Let's begin with definitions and simplifications, because it turns out that's all the computation we will need.


Definitions

The characteristic function of a density $\mathrm{d}\mu$ on $\mathbb{R}^n$ is the function of the $n$-vector $t=(t_1,t_2,\ldots, t_n)$ defined by

$$\phi_{\mathrm{d}\mu}(t) = \int \cdots \int e^{it\cdot x}\mathrm{d}\mu(x)$$

where $t\cdot x = t_1x_1 + t_2 x_2 + \cdots t_n x_n$ is the Euclidean dot product. (This dot product determines the Euclidean length $|t|^2 = t\cdot t.$) Because $e^0=1,$ note that $\phi_{\mathrm{d}\mu}(0) = \int\cdots\int \mathrm{d}\mu(x)$ is just the integral of the density.

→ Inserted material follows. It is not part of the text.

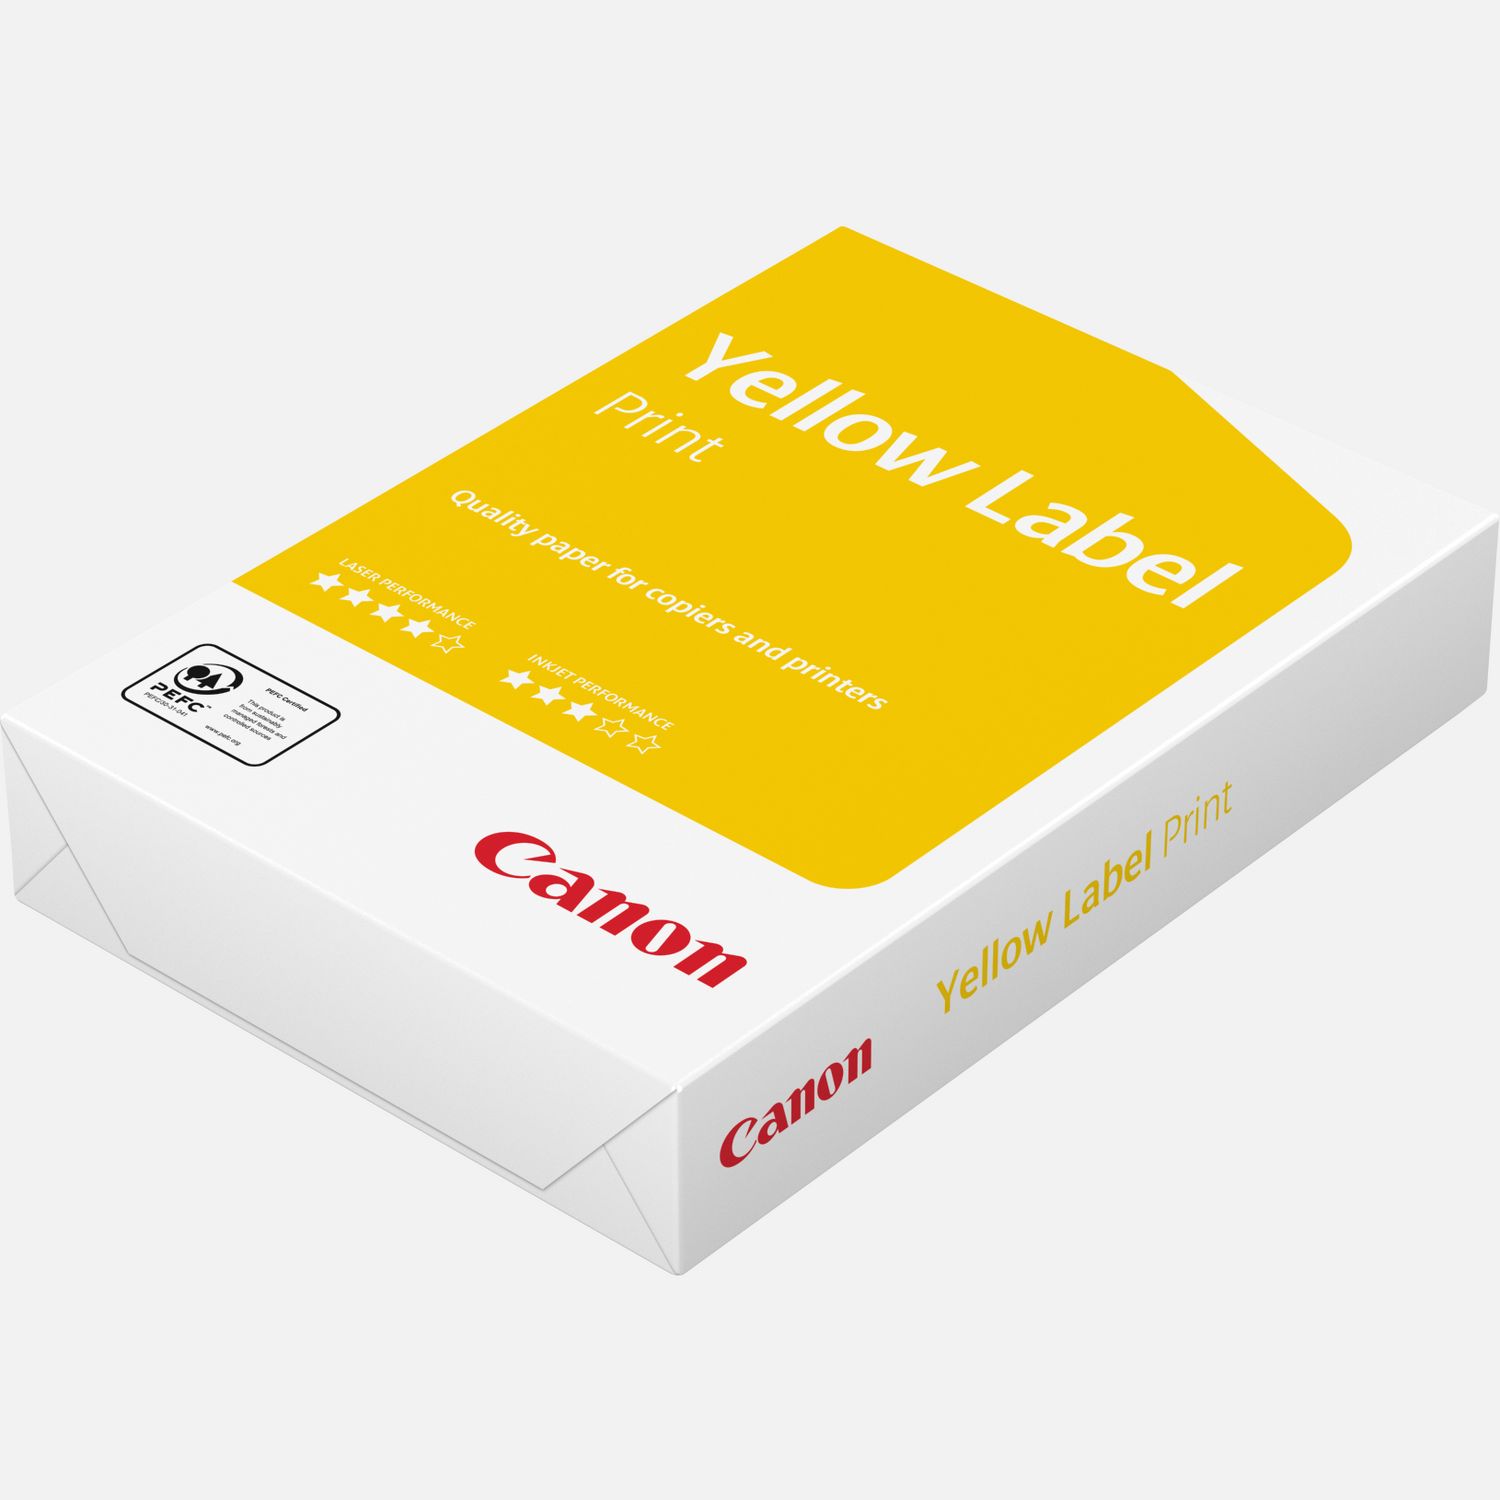 Carta A4 Canon Yellow Label 80 g/m˛ – 500 fogli — Canon Italia Store

A ball $B(y,r)$ for $y\in\mathbb{R}^n$ and $r \ge 0$ is the set of points within distance $r$ of $y;$ that is, $x\in B(y,r)$ if and only if $|x-y| \le r.$

The uniform distribution on any set $\mathcal{B}\subset \mathbb{R}^n$ with finite (Lebesgue) integral, such as a ball, has a density that is a constant multiple of Lebesgue measure on $\mathcal{B}$ and otherwise zero. The constant is adjusted to make a unit integral.

Simplifications

Given $B(y,r)$ and a vector $t,$ we may translate the ball by $-y,$ scale it by $1/r,$ and rotate it to make $t=(0,0,\ldots,0,|t|).$ The translation multiplies its characteristic function $\phi$ by $e^{-it\cdot y};$ the scaling changes $\phi(t)$ to $\phi(tr);$ and because the ball is spherically symmetric, the rotation doesn't change its characteristic function at all.

This reduces the problem to that of finding

$$\phi_n(t) = \int \cdots \int_{B(0,1)} e^{i |t| x_n}\, \mathrm{d} x_1\cdots \mathrm{d} x_n,\tag{1}$$

after which we may replace $|t|$ by $|t|/r$ and multiply the result by $e^{it\cdot y}$ to obtain the characteristic function of $B(y,r).$

The strategy to minimize computation is to compute this integral up to a multiplicative constant and then discovering that constant from the fact that $\phi_n(0)=1$ because the density must integrate to unity.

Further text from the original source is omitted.